Friday, 10 March 2017

Anthony Burgess: A Clockwork Archive

BBC Radio 4 Extra broadcast: 26th February 2017

Anthony Burgess is best known as the author of A Clockwork Orange, published 50 years ago.

Burgess was born in 1917 in one of the poorest areas of North Manchester. It was entirely unpredictable that such a major literary figure and polymath would spring from such a humble background.He remained in Manchester until he graduated from the University, but never went back to live there and was careful to disguise his Northern accent.

Paul Morley - a fellow Northern exile - visits some of the key landmarks of Burgess's early life - Xaverian College where he was taught by strict Catholics from the Xaverian Brothers; the Free Trade Hall where he heard the Hallé Orchestra; Central Library where he began a lifelong process of self-education.

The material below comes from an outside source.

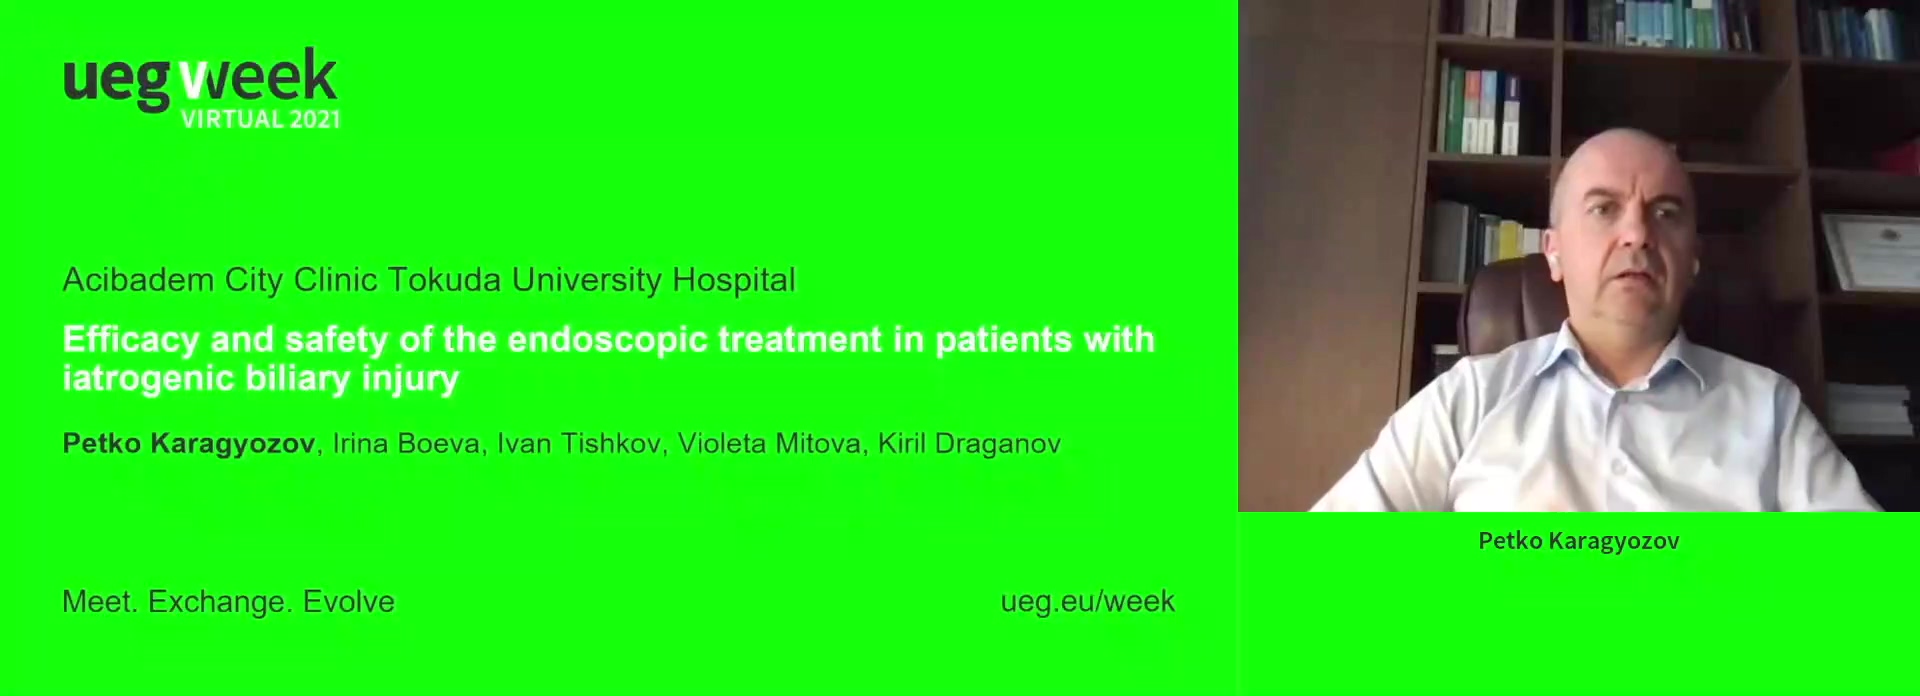 EFFICACY AND SAFETY OF THE ENDOSCOPIC TREATMENT IN PATIENTS WITH IATROGENIC BILIARY INJURY

Paul also considers Burgess's continuing passion for writing classical music; his first creative ambition was to be a composer. He wrote over 200 pieces of pieces of classical music, including full-length symphonies and a ballet. Very little of his music was performed during his lifetime, but it is now attracting interest from musicians and academics.

Burgess's legacy includes not only 33 published novels, two autobiographies and a large amount of journalism but a previously unheard archive of about 800 audio cassettes and home movies. Paul Morley visits The International Anthony Burgess Foundation in Manchester, which is cataloguing this rich, diverse and remarkable archive.

Contributors include Dr Andrew Biswell, biographer of Anthony Burgess and Director of The International Anthony Burgess Foundation; Paul Philips, author of a book about Burgess's music; and Dr Kevin Malone an expert on the music Burgess himself wrote for his own dramatized version of A Clockwork Orange.